Sanitation, health, and hygiene programs are of equal importance. Entire communities can become ill if hygiene is neglected. Outbreaks of cholera and dysentery, for example, frequently attack communities that drink and wash with contaminated water and can lead to infectious diseases that cause excessive diarrhea, dehydration, and can complicate malnutrition. In response, Action Against Hunger builds latrines and bathhouses, and introduces basic sanitation infrastructure to keep communities hygienic.

Sustainable programs: extending lasting solutions for hygiene, health, water and sanitation

Our programs’ long-term benefits, however, would be hard to sustain without our commitment to community participation. Developing and extending water and sanitation services involves much more than quick fixes. To sustain water and sanitation improvements, a community-centered approach is central to building local capacity and encouraging a population’s sense of ownership creating new energy and resources.

By organizing and training community-based water committees, we ensure local commitment to managing and maintaining the systems we rehabilitate and install. In our campaign to eliminate hunger, clean water is as essential as food, but only the cultivation of local know-how can ensure its sustainability.
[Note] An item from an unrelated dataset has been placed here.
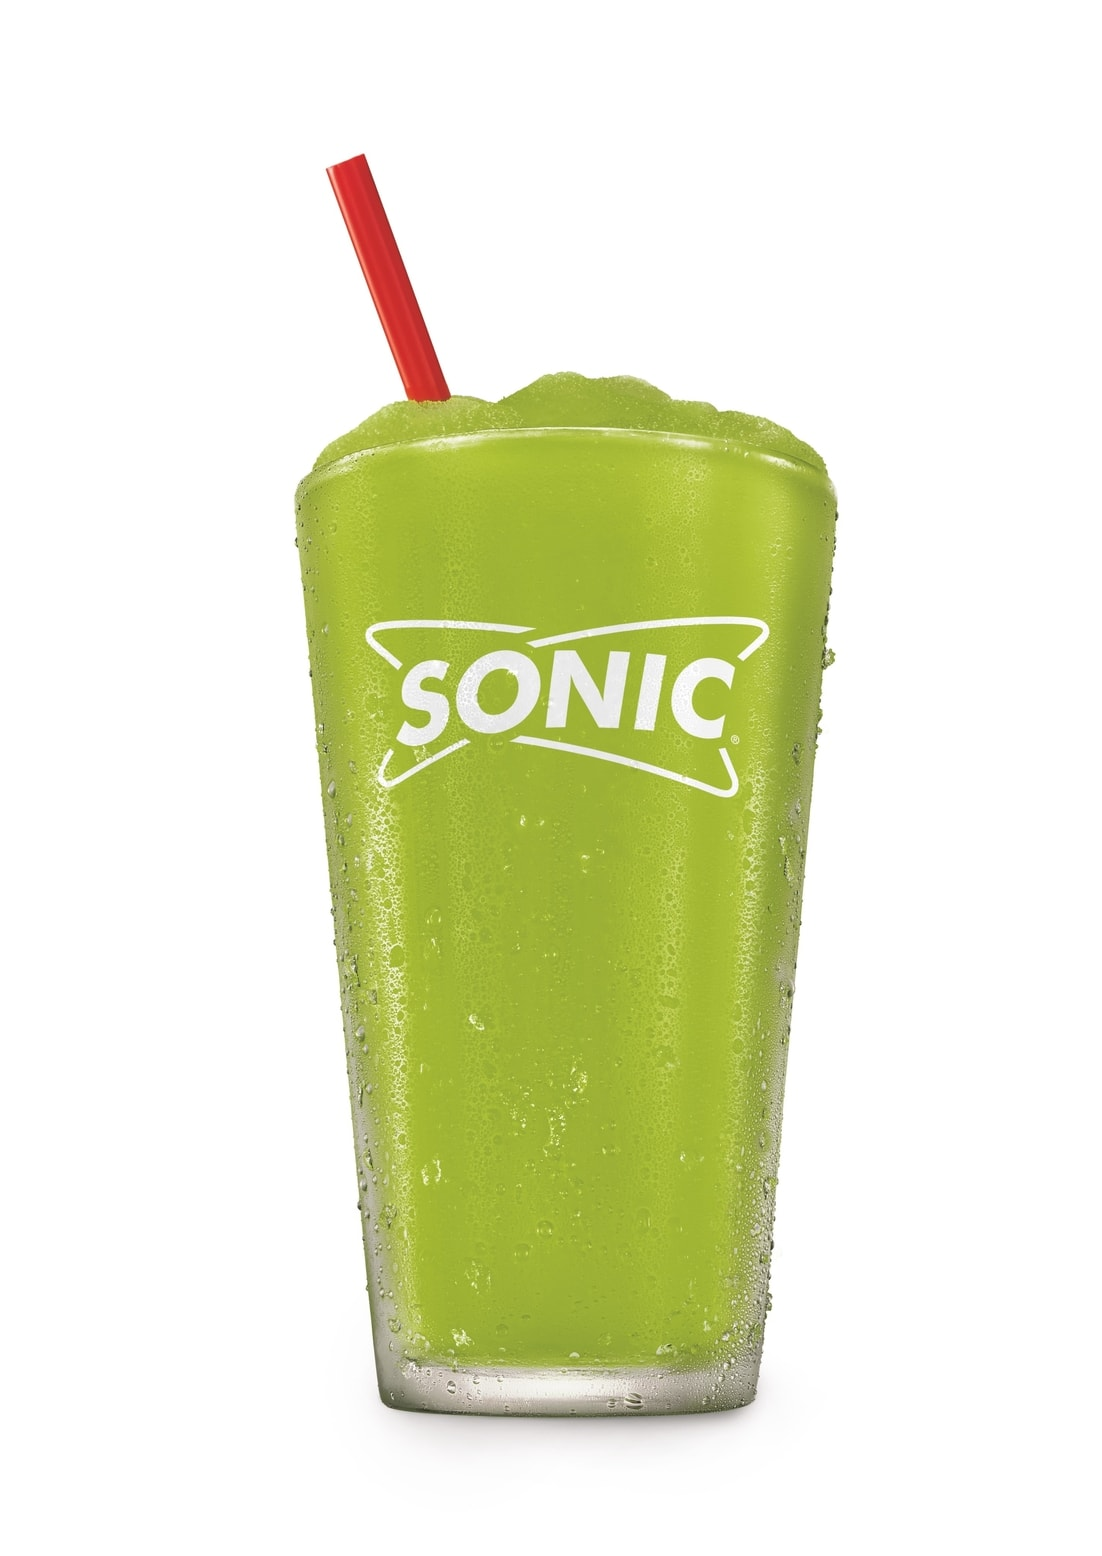 Sonic Announces Pickle Juice Slushes Coming This Summer
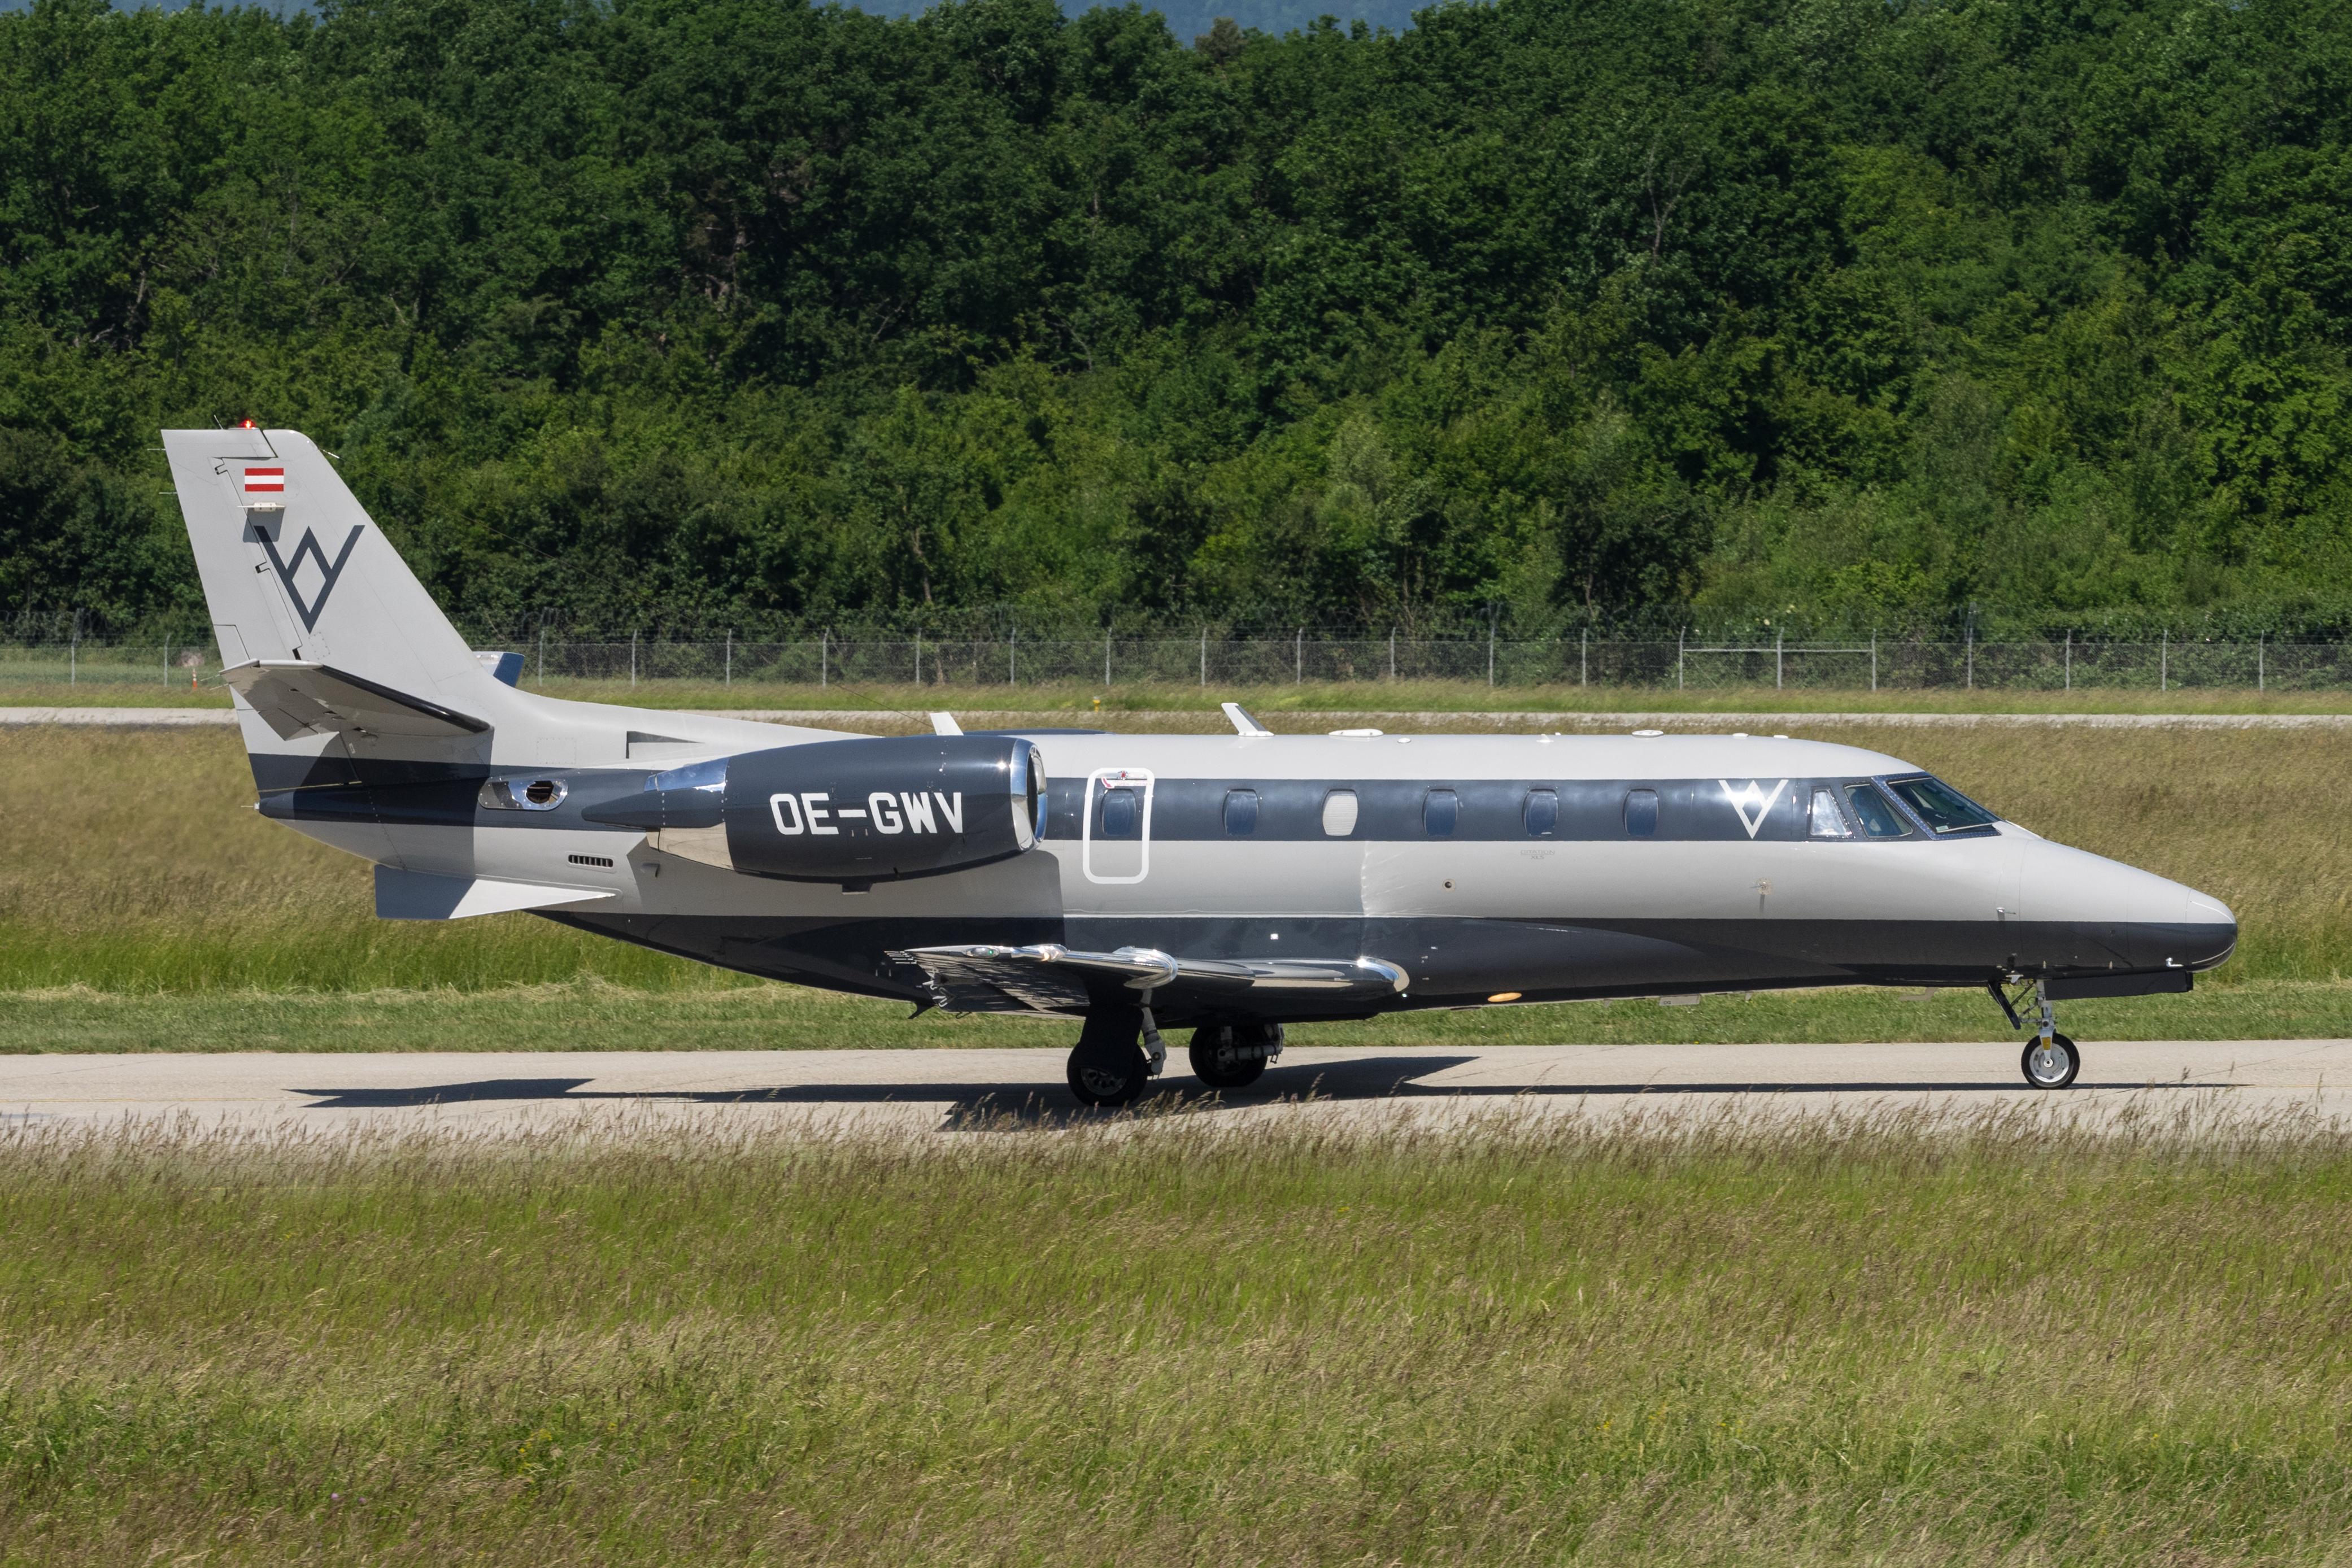 File Oe Gwv Cessna 560xl Citation Xls C56x Esq Europ Star

While the scale of global need is truly daunting, we know how to extend water and sanitation improvements, how to instill better hygiene practices, and how to teach populations to manage these resources themselves. Action Against Hunger’s programs alone reach nearly 4 million people each year; reinforcing these efforts is one way to improve conditions for vulnerable communities around the world — populations whose lack of water leaves them vulnerable to daily indignities and appalling rates of death and debilitation.